Imagine a simple algorithm that would reliably tell us whether something is natural or designed. Christian apologist Jim Wallace claims to have a checklist that can be used as such an algorithm.

But no, he doesn’t.

Let’s revisit that list one final time to summarize the problems with it. The overall idea is good (yes, it would be nice to have such an algorithm), but the execution was poor. Here’s a list of necessary corrections.

Problem 1: it’s a biased list

The jury has returned a verdict: evolution is correct, and the flagellar motor is natural. Wallace’s checklist of rules is an end run to save a game that Creationists lost a century ago. No biologist would reject evolution after reading this argument. Its value is only in giving wavering Christians an unfounded sense that the science is on their side.

Where they can, I’m happy to let the experts decide. National Geographic says that a weird undersea design was caused by a fish? That’s good enough for me. EarthSky.org explains lunar and solar eclipses as natural? Sure, I’ll accept that. But that’s not allowed by the unwritten rules behind Wallace’s original list! If he were to let the experts decide, they’d immediately put the bacterial flagellum in the Natural category—it’s there because of evolution, and evolution is natural. I’m happy to accept the consensus of science experts, but he isn’t.

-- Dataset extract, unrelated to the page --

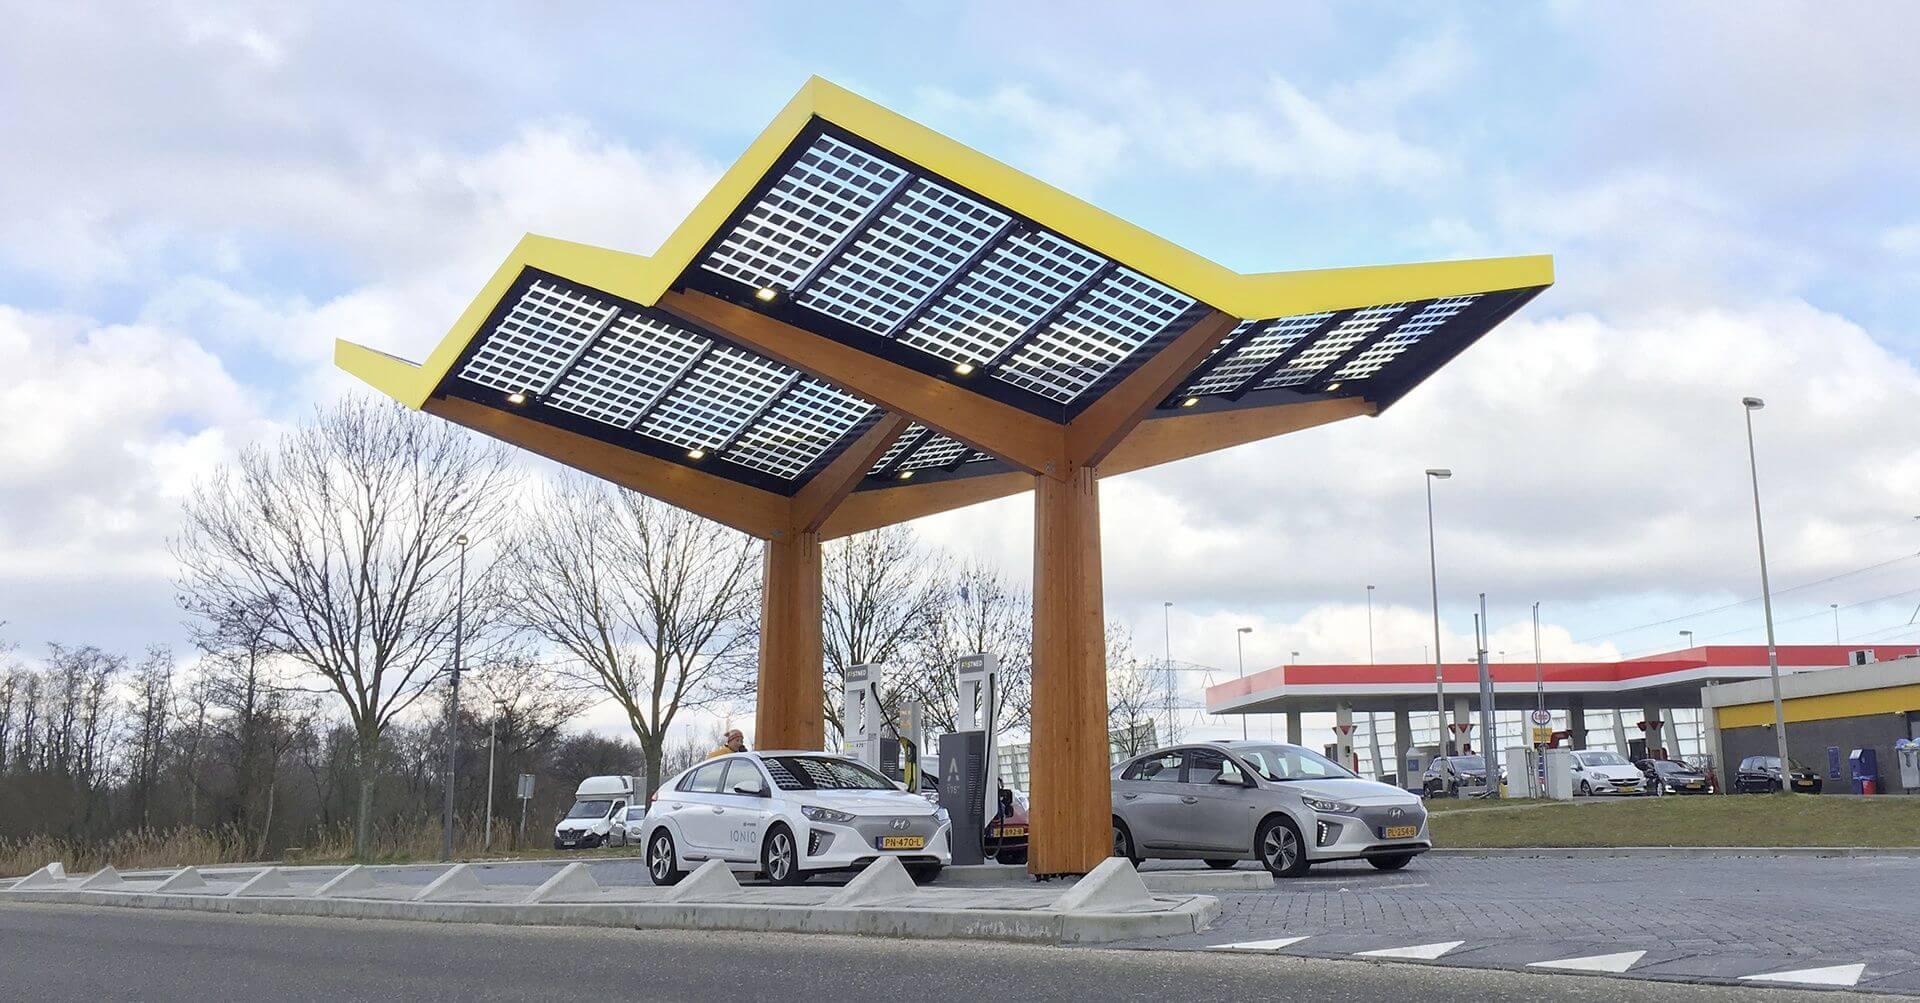 σταθμός φόρτισης ηλεκτρικών οχημάτων σε χώρα του εξωτερικού

The obvious expert witness for Wallace to call would be a biologist who could explain the scientific consensus, not Michael Behe and his irreducible complexity argument. That’s what you do when the consensus view is inconvenient, and you’re groping for something else. The whole purpose of the list was to reopen a closed case, ignore the experts, and encourage ordinary people to decide instead.

Why is evolution even a thing? A perfect Designer would design a perfect creature for each biological niche. And yet to look at his handiwork, he is apparently constrained by designs in other environments. The tree of life (cladistics), with species connected by their relatedness, is exactly what we wouldn’t expect from such a Designer and exactly what we’d need to see if life were shaped by evolution. Only evolution would need to repurpose things (a tail in human embryos that later gets reabsorbed; jaw bones to make the inner ear; front limbs that are fins, then legs, then wings; etc.). God’s perfect design would be elegant, but in life around us, complexity is the closest we come.

The theory of evolution is a house of cards—not in that it’s rickety or likely to fall but because a thousand different counterexamples could have overturned it. One of these is the famous hypothetical discovery of “fossil rabbits in the pre-Cambrian.” God could do anything, but evolution has constraints. That evolution is at all plausible given the evidence we find argues that God isn’t responsible for life being the way it is.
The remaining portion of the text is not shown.